Sources: OpenResponses OpenAPI, OpenResponses specification site, and the Hugging Face blog post.

Key points extracted:

  • POST /v1/responses accepts CreateResponseBody fields like model, input (string or ItemParam[]), instructions, tools, tool_choice, stream, max_output_tokens, and max_tool_calls.
  • ItemParam is a discriminated union of:
    • message items with roles system, developer, user, assistant
    • function_call and function_call_output
    • reasoning
    • item_reference
  • Successful responses return a ResponseResource with object: "response", status, and output items.
  • Streaming uses semantic events such as:
    • response.created, response.in_progress, response.completed, response.failed
    • response.output_item.added, response.output_item.done
    • response.content_part.added, response.content_part.done
    • response.output_text.delta, response.output_text.done
  • The spec requires:
    • Content-Type: text/event-stream
    • event: must match the JSON type field
    • terminal event must be literal [DONE]
  • Reasoning items may expose content, encrypted_content, and summary.
  • HF examples include OpenResponses-Version: latest in requests (optional header).

Proposed Architecture

  • Add src/gateway/open-responses.schema.ts containing Zod schemas only (no gateway imports).
  • Add src/gateway/openresponses-http.ts (or open-responses-http.ts) for /v1/responses.
  • Keep src/gateway/openai-http.ts intact as a legacy compatibility adapter.
  • Add config gateway.http.endpoints.responses.enabled (default false).
  • Keep gateway.http.endpoints.chatCompletions.enabled independent; allow both endpoints to be toggled separately.
  • Emit a startup warning when Chat Completions is enabled to signal legacy status.

Deprecation Path for Chat Completions

  • Maintain strict module boundaries: no shared schema types between responses and chat completions.
  • Make Chat Completions opt-in by config so it can be disabled without code changes.
  • Update docs to label Chat Completions as legacy once /v1/responses is stable.
  • Optional future step: map Chat Completions requests to the Responses handler for a simpler removal path.

Phase 1 Support Subset

  • Accept input as string or ItemParam[] with message roles and function_call_output.
  • Extract system and developer messages into extraSystemPrompt.
  • Use the most recent user or function_call_output as the current message for agent runs.
  • Reject unsupported content parts (image/file) with invalid_request_error.
  • Return a single assistant message with output_text content.
  • Return usage with zeroed values until token accounting is wired.

Validation Strategy (No SDK)

  • Implement Zod schemas for the supported subset of:
    • CreateResponseBody
    • ItemParam + message content part unions
    • ResponseResource
    • Streaming event shapes used by the gateway
  • Keep schemas in a single, isolated module to avoid drift and allow future codegen.

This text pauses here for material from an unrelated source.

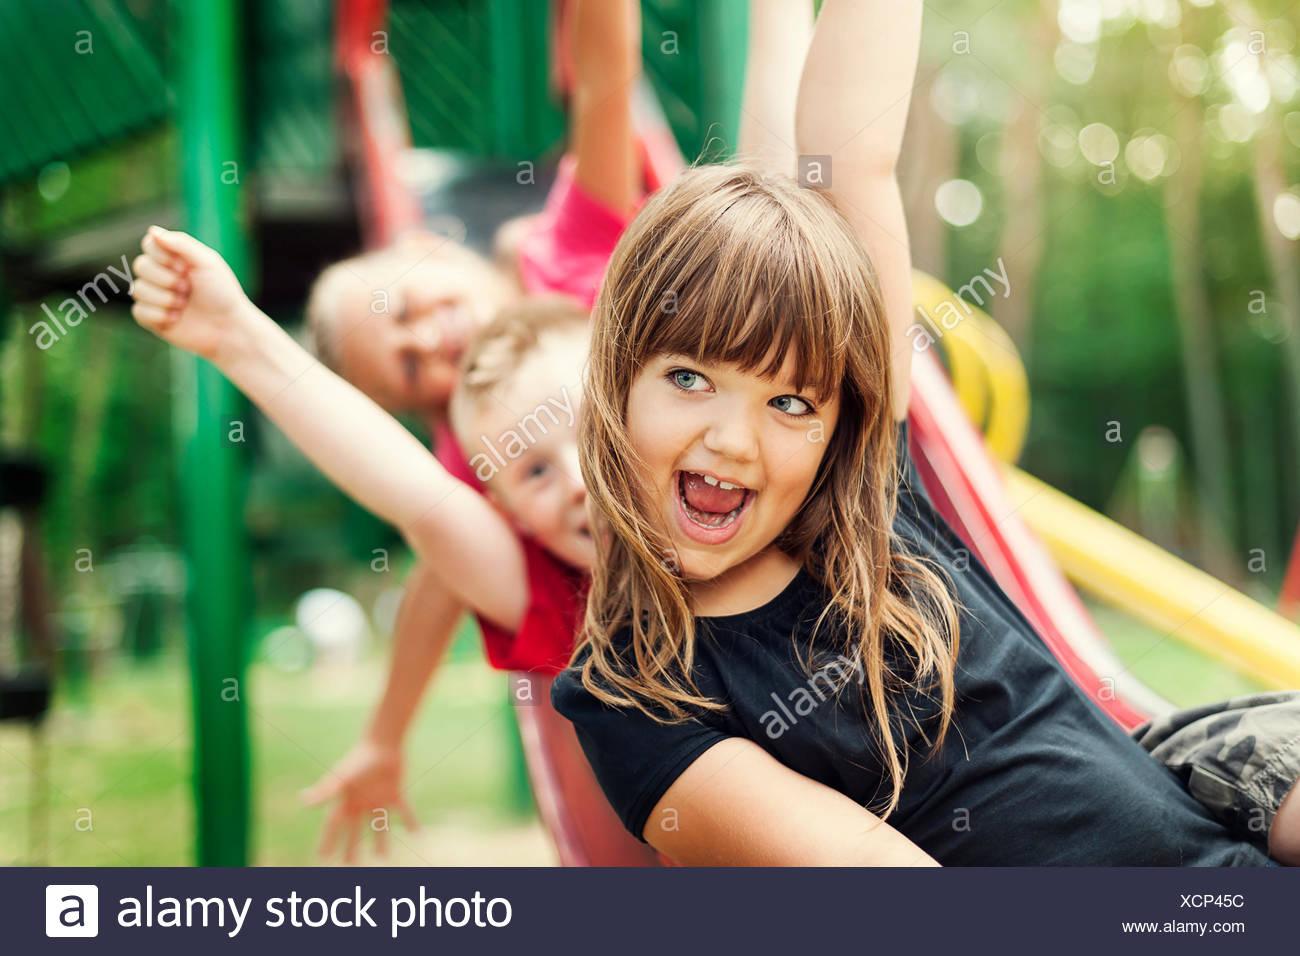 Los niños divirtiéndose en la diapositiva, Debica, Polonia Imagen De Stock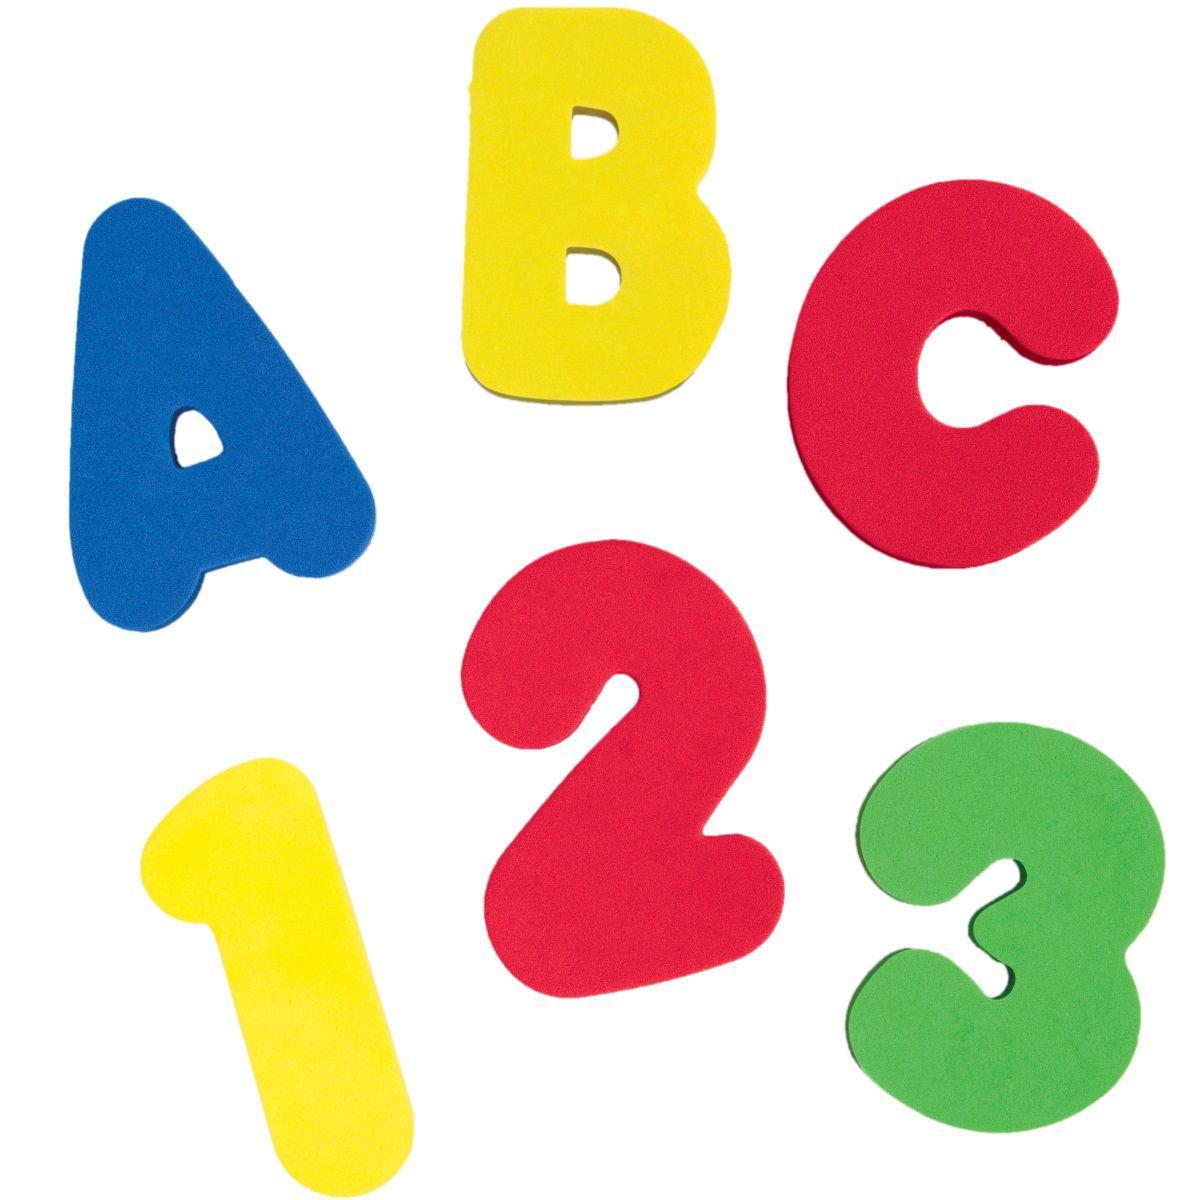 Brinquedo para Banho Letras e Números com 36 peças Buba

Streaming Implementation (Phase 1)

  • SSE lines with both event: and data:.
  • Required sequence (minimum viable):
    • response.created
    • response.output_item.added
    • response.content_part.added
    • response.output_text.delta (repeat as needed)
    • response.output_text.done
    • response.content_part.done
    • response.completed
    • [DONE]

Tests and Verification Plan

  • Add e2e coverage for /v1/responses:
    • Auth required
    • Non-stream response shape
    • Stream event ordering and [DONE]
    • Session routing with headers and user
  • Keep src/gateway/openai-http.e2e.test.ts unchanged.
  • Manual: curl to /v1/responses with stream: true and verify event ordering and terminal [DONE].

Doc Updates (Follow-up)

  • Add a new docs page for /v1/responses usage and examples.
  • Update /gateway/openai-http-api with a legacy note and pointer to /v1/responses.